SUPPLIED MATERIAL –
—————
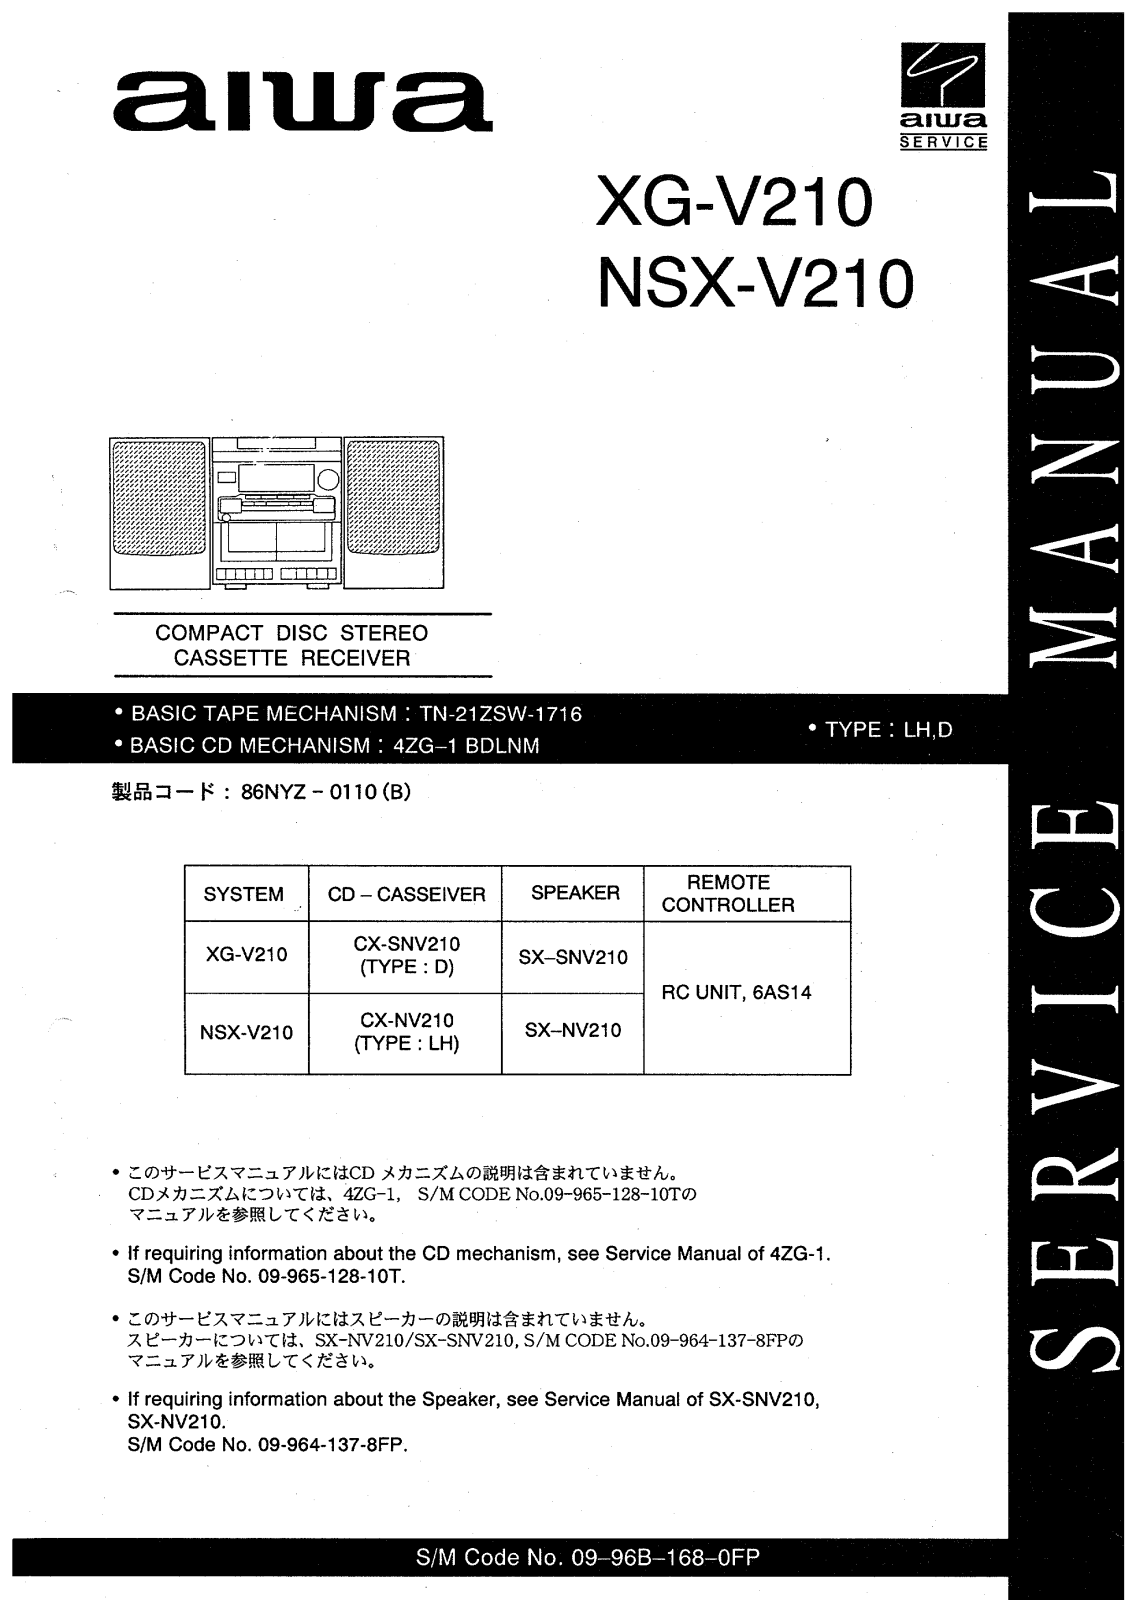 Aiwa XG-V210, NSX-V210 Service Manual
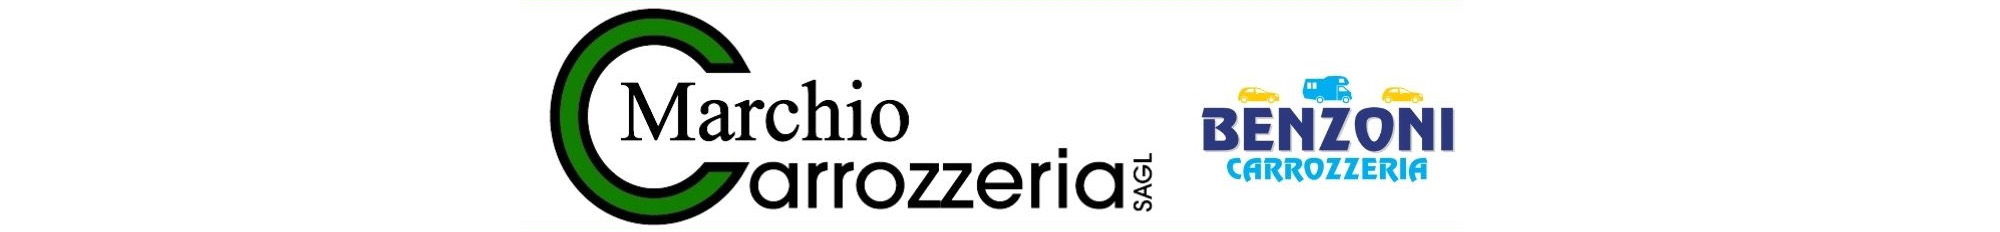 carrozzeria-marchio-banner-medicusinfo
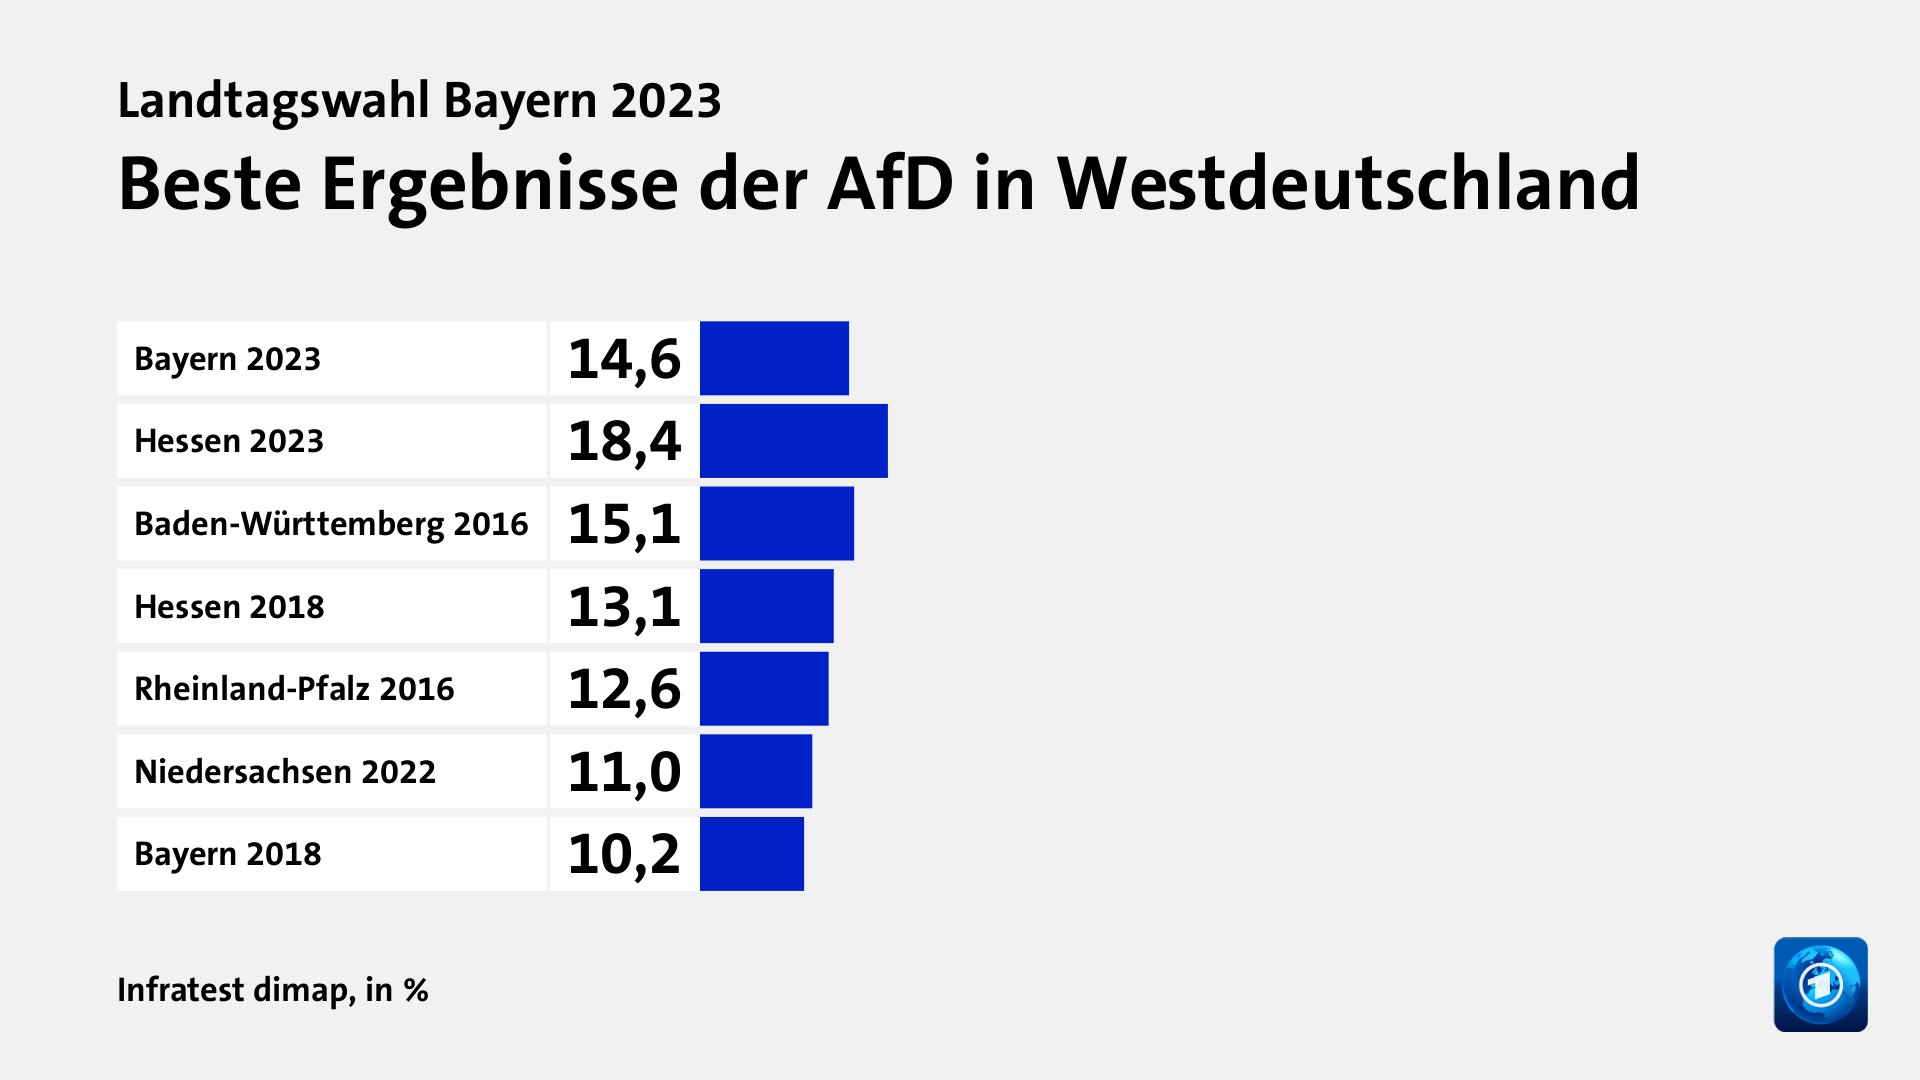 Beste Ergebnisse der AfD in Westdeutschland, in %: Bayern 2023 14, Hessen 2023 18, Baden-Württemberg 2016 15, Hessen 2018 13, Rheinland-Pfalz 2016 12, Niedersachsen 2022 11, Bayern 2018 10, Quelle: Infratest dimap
—————
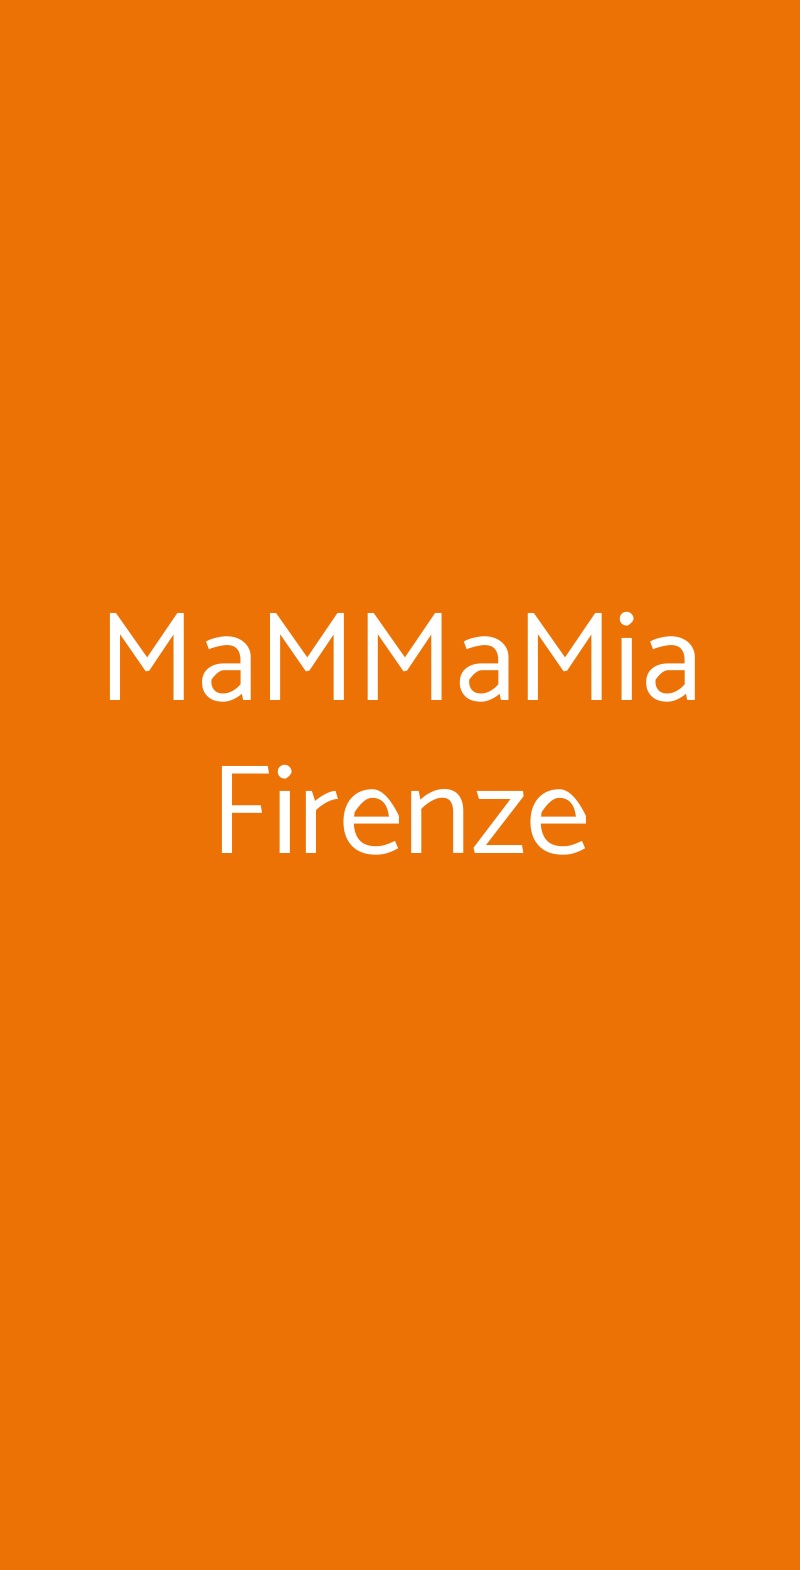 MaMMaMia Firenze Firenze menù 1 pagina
—————
WHAT IS REQUIRED –
All lines above starting at the one with "Aiwa XG-V210, NSX-V210 Service Manual" and ending at the one with "Beste Ergebnisse der", inclusive, are to be printed again exactly, with the pictures left out.

WRITTEN SOLUTION –
 Aiwa XG-V210, NSX-V210 Service Manual
 carrozzeria-marchio-banner-medicusinfo
 Beste Ergebnisse der AfD in Westdeutschland, in %: Bayern 2023 14, Hessen 2023 18, Baden-Württemberg 2016 15, Hessen 2018 13, Rheinland-Pfalz 2016 12, Niedersachsen 2022 11, Bayern 2018 10, Quelle: Infratest dimap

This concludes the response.